私はそう考えて、安心して胸をなでおろす。
「葵―、話の途中でいなくならないでよー」
すると、私たちのもとに香織たちがやってきた。
不満そうな香りの顔を見て、さっき何か話をしていた途中だったことを思い出す。
「今日、香織が帰りにショッピングモール行きたいんだってさ。買いたいものがあるんだって。葵もいける?」
美香が話を引き継いでくれたおかげで、私はさっきまでの会話を思い出した。
それから、私はちらっとゆりちゃんを見る。
特に今日はゆりちゃんと約束をしていない。
だから、別に用事はないのだけど、今日ゆりちゃんに避けられるようなことがあったら、誤解を解こうと思っていた。
そのついでに、少しお話ができるかなと思っていたのだけど……
私がそんなことを考えていると、私の視線に気づいた香織が何かに気づいたようにポンッ手を叩いた。
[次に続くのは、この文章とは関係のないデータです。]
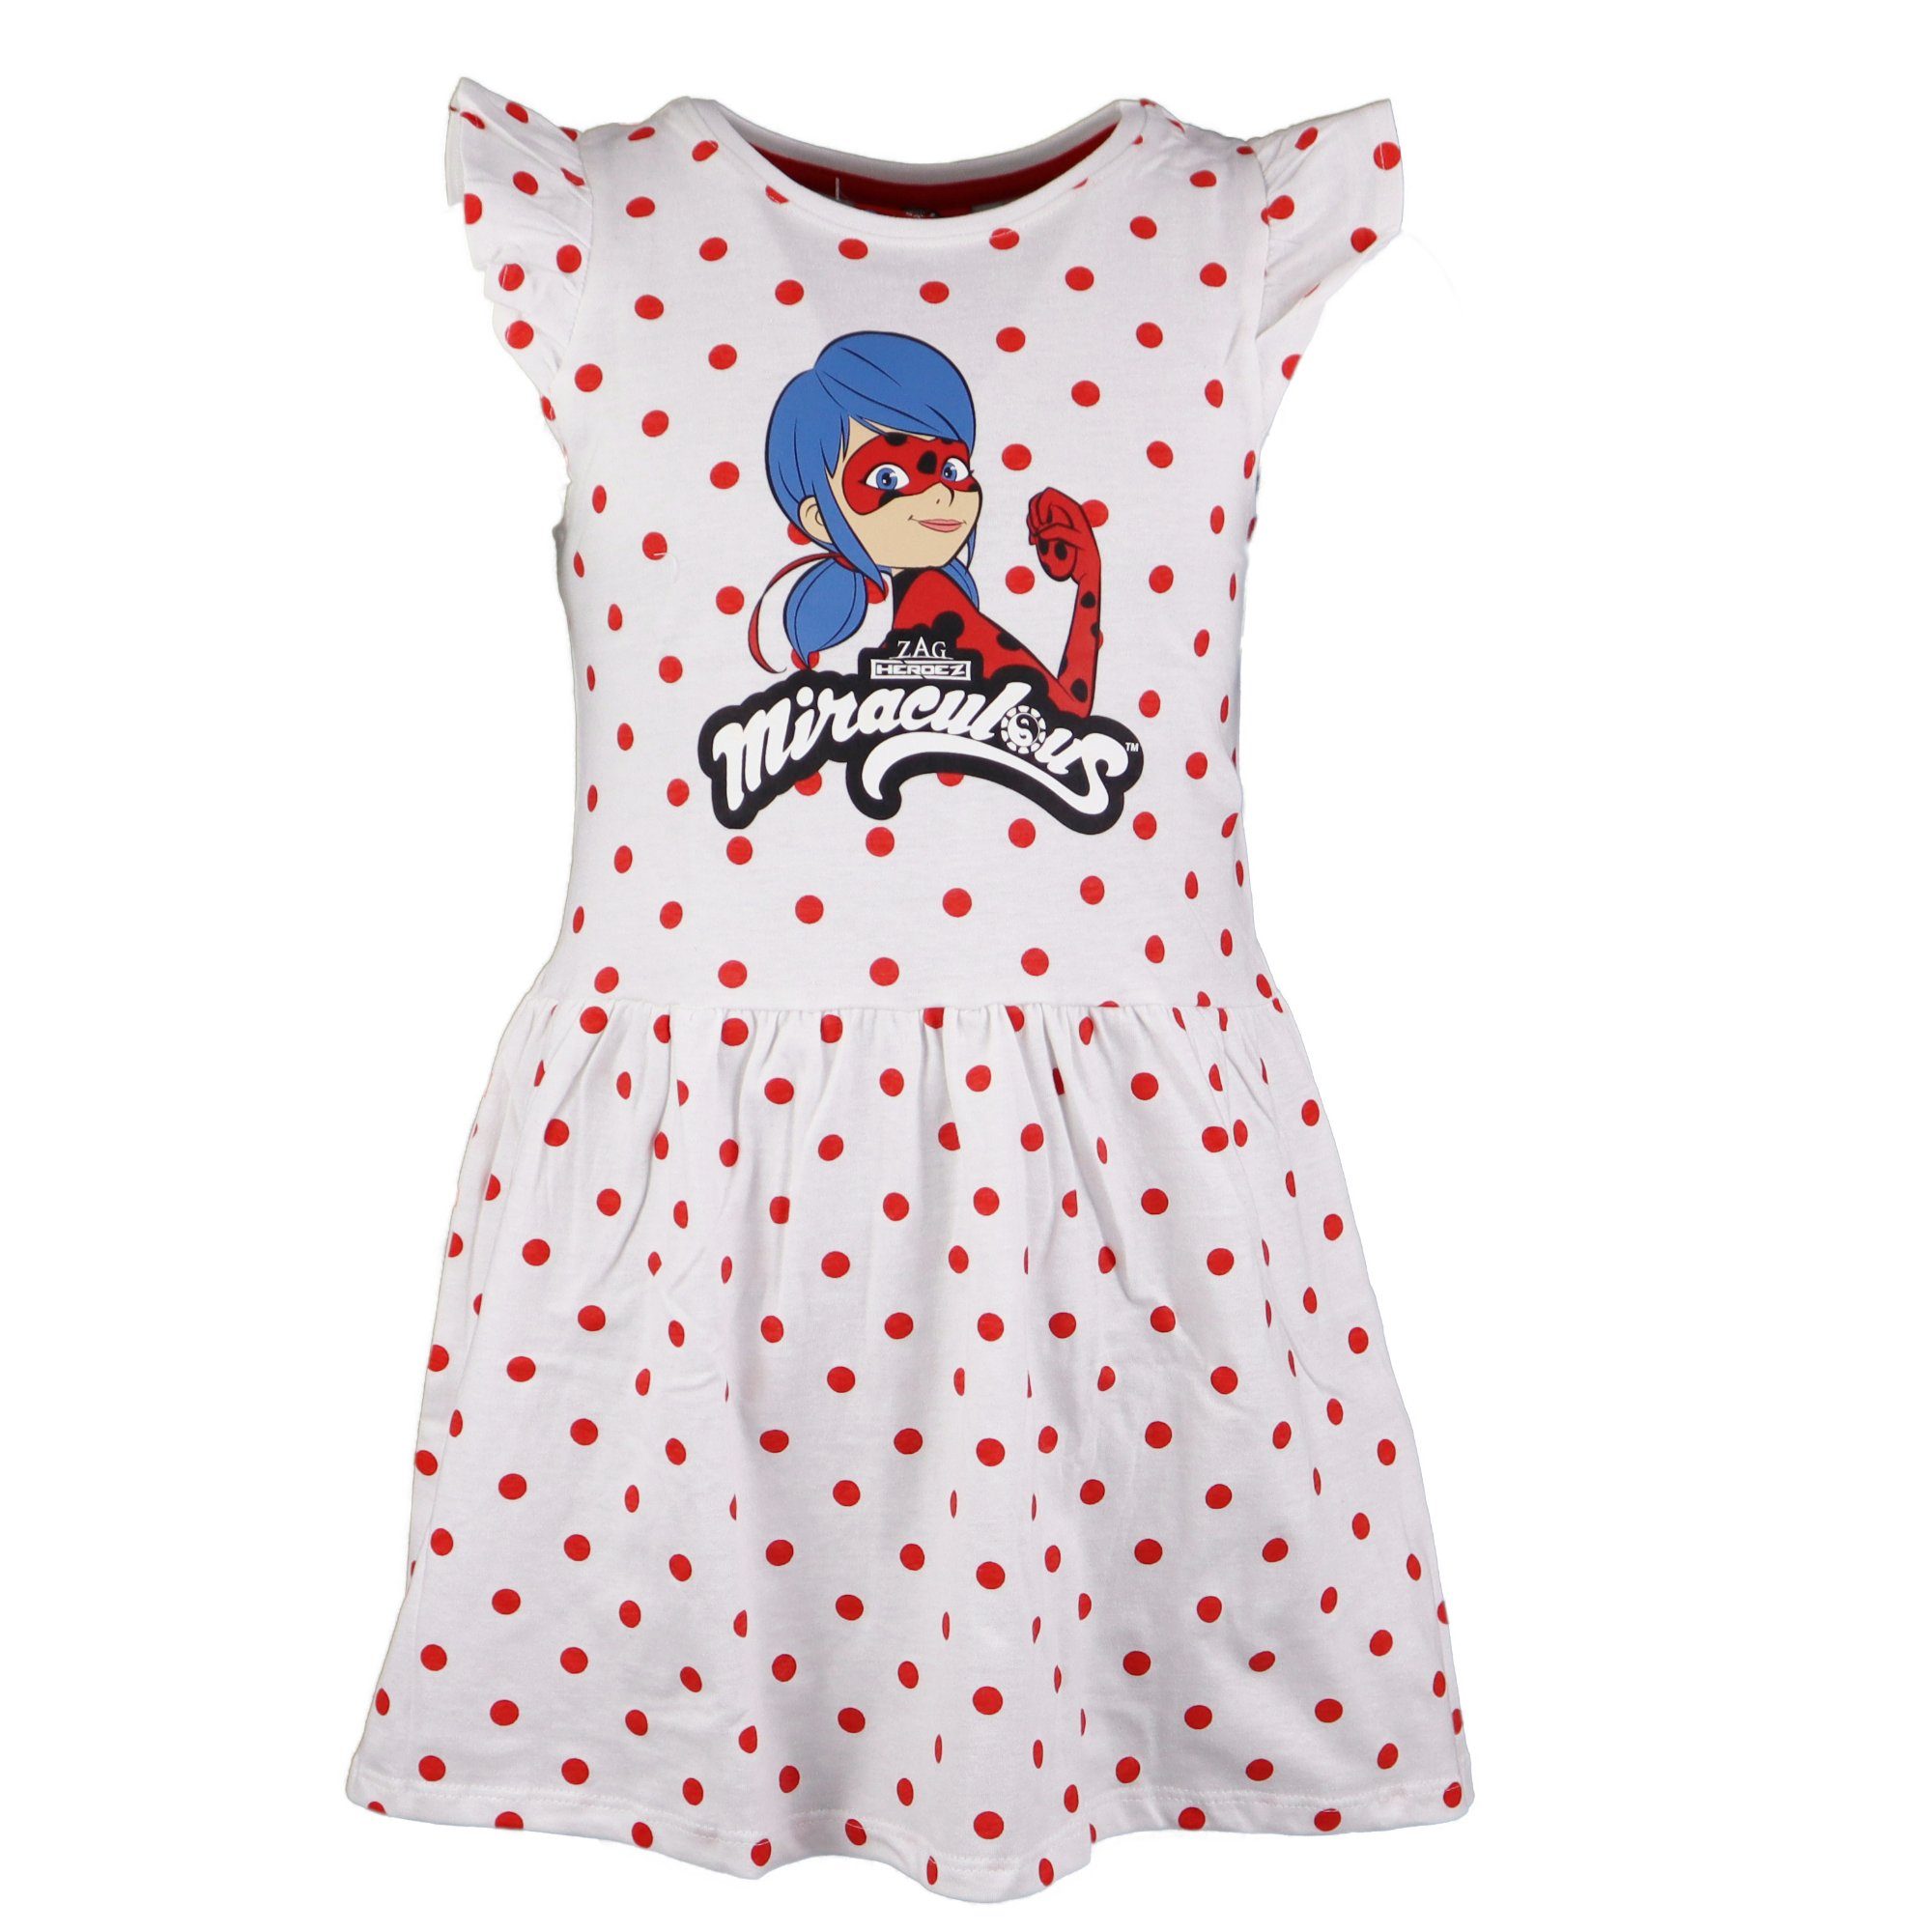 Miraculous - Ladybug Sommerkleid Pünktchen Mädchen Kinder Kleid Gr. 110 bis 140, Baumwolle, Rot oder Schwarz

「もしかして、百合ちゃんと用事? それなら、百合ちゃんも一緒に行かない?」
「え?」
私は香織の言葉に驚いて声を漏らした。
香織も美香も休み時間に私を通して、ゆりちゃんと話をすることはあった。
でも、こうして放課後に誘うようなことは一度もなかったはず。
「い、いく! いきたい!」
「へ?」
そして、私はがたっと音を立てて席から立ち上がったゆりちゃんを見て、そんな声を漏らした。
ゆりちゃんが人付き合いが得意じゃないことも、香織たちと仲良くしたいことも知っている。
だから、誘われたら断るはずがないことは分かっていた。
意外だったのは、いつになくゆりちゃんが乗り気だったことだ。
こんなに前のめりになっているゆりちゃんは、しばらく見ていない気がする。
私はそんなゆりちゃんの姿を見て、私は少しだけ胸の奥の方をもやっとさせたのだった。